Opal Tometi is a writer, immigrant rights activist, and, most prominently, one of the founders of the #BlackLivesMatter movement. Born in 1984 to Nigerian immigrant parents, Tometi is regarded as a Transnational feminist. She received her B.A. in History and her M.A. in Communication and Advocacy from the University of Arizona and currently serves as the executive director of Black Alliance for Just Immigration, or BAJI.
Her involvement with the #BlackLivesMatter movement began when her future co-founder Alicia Garza posted a call-to-action on her Facebook following Trayvon Martin’s murder. Tometi is credited with being the social media arm of the developing movement, and helped broaden the discussion of Black Lives Matter to include concerns of institutional racism and intersectional politics.
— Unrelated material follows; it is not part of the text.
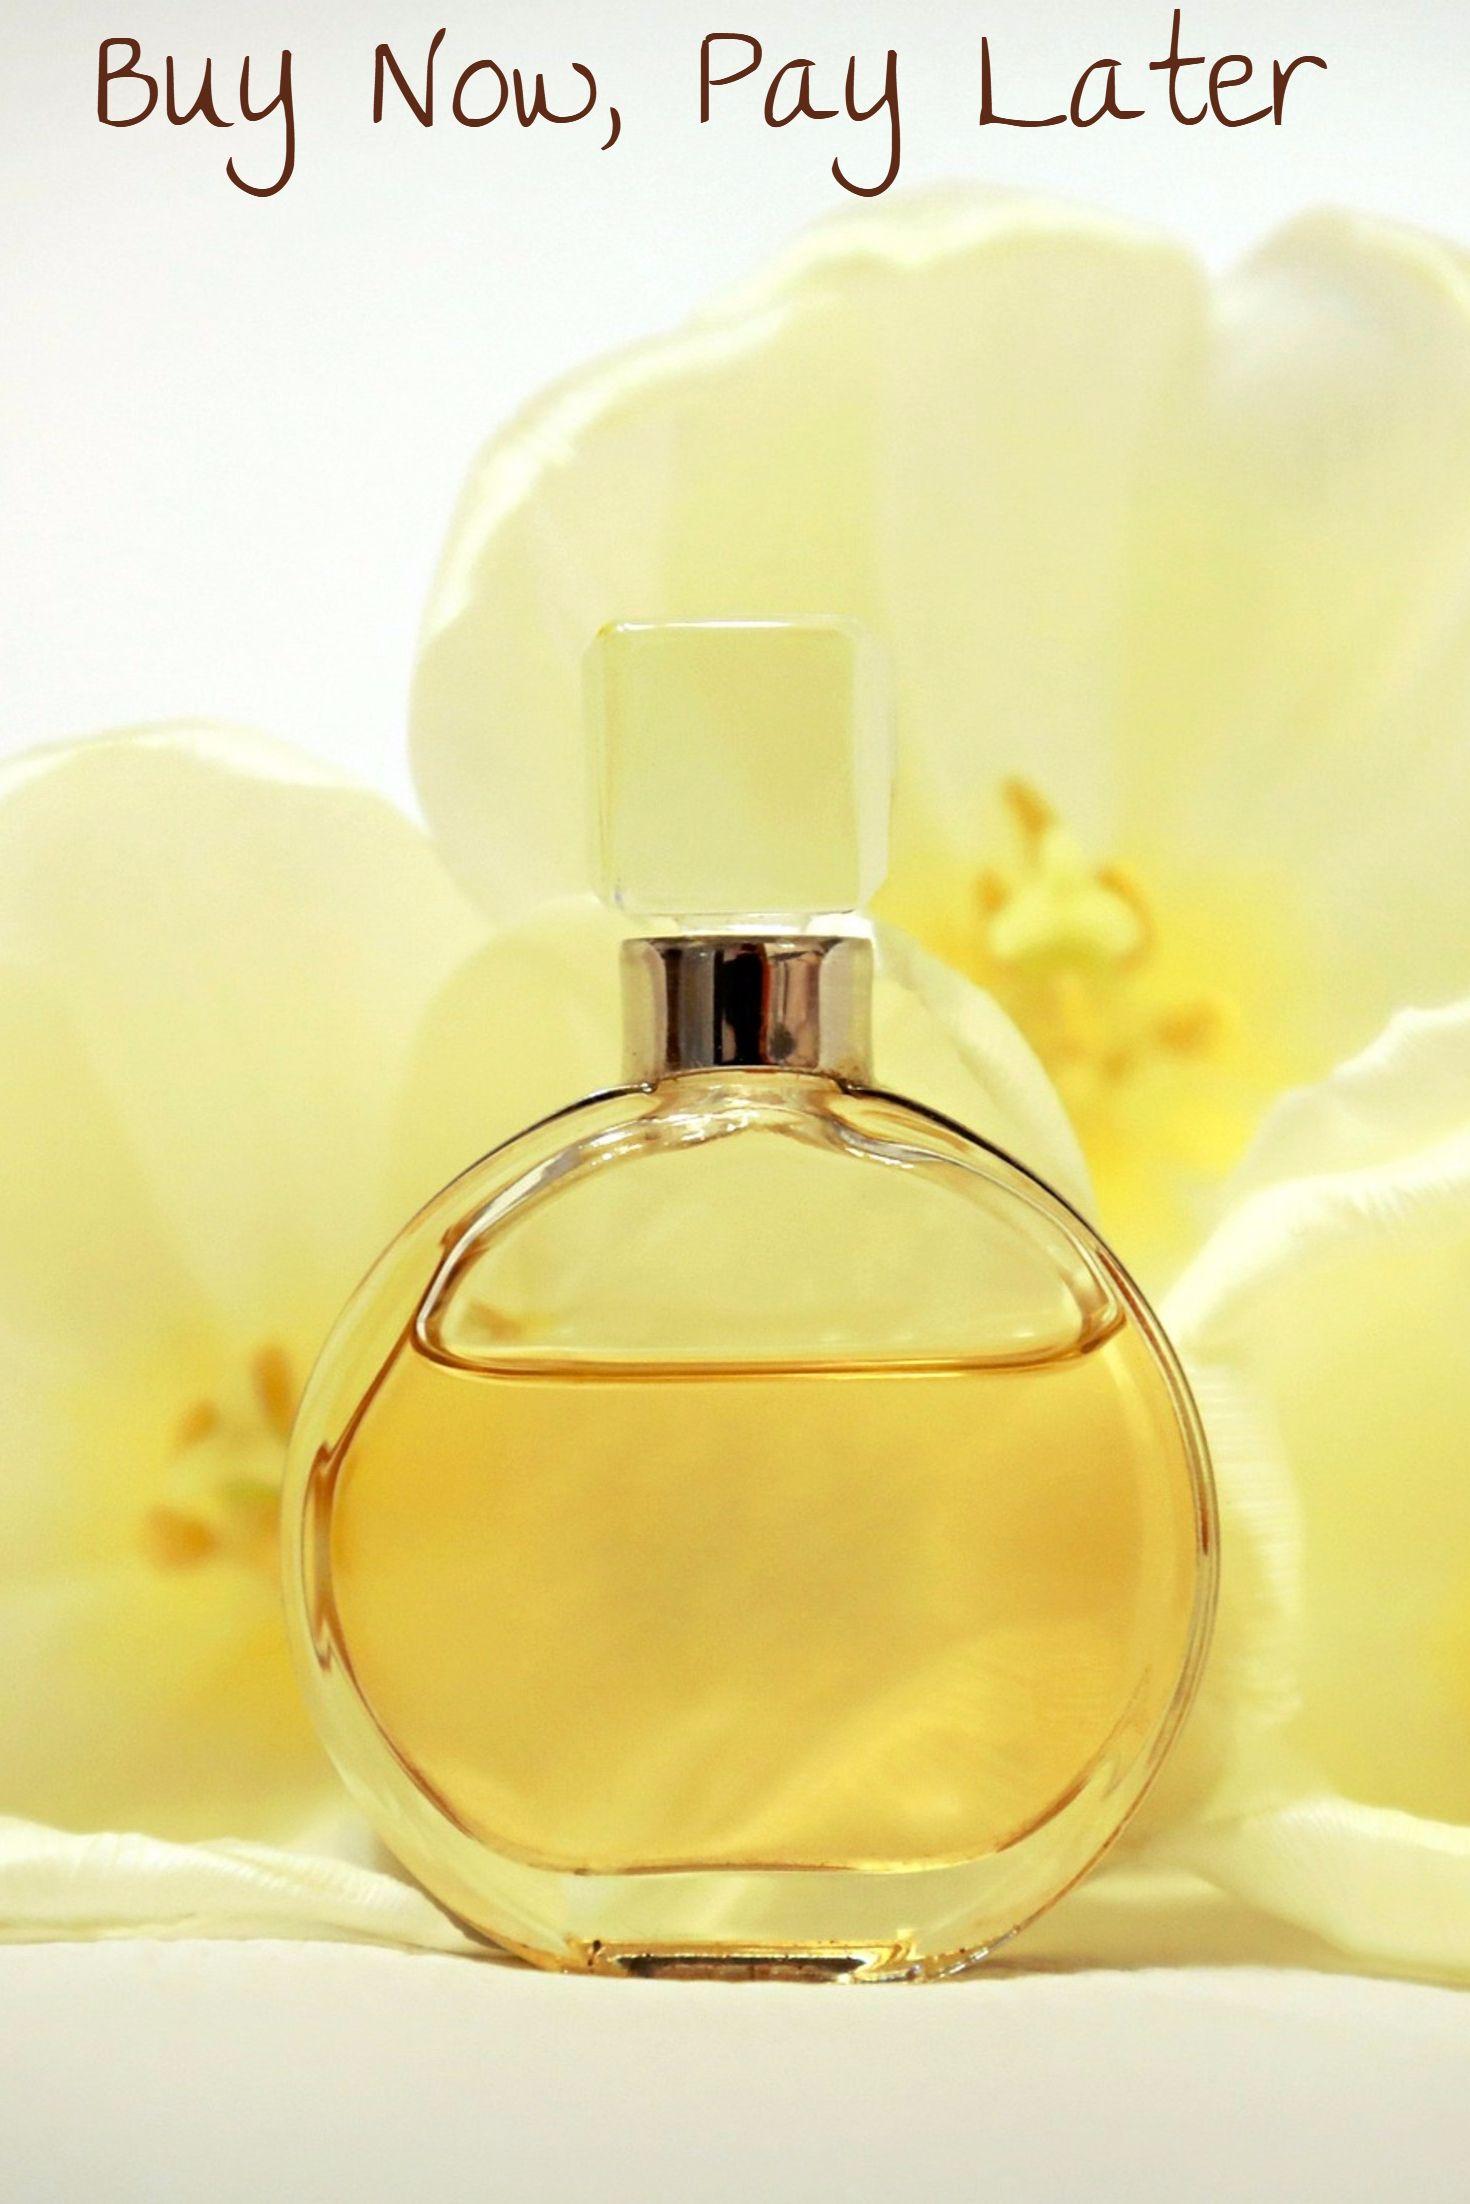 b9cd8309e7a Several online fragrance stores that offer deferred billing

In an interview with TheNation.com’s Mychal Denzel Smith, Opal states:
“Black Lives Matter is really an affirmation for our people. It’s a love note for our people, but it’s also a demand. We know that the system was not designed for justice for us. Even if we were going to get an indictment or a guilty verdict, that actually would not provide us with the larger vision of liberation that our communities actually deserve…We actually need to push a more profound question around the structures that are oppressing our people.”
Tometi is featured in the Smithsonian’s new National Museum for African American History and Culture (NMAAHC), and she, Cullors, and Garza received honorary doctorates from Clarkson University for their BLM work.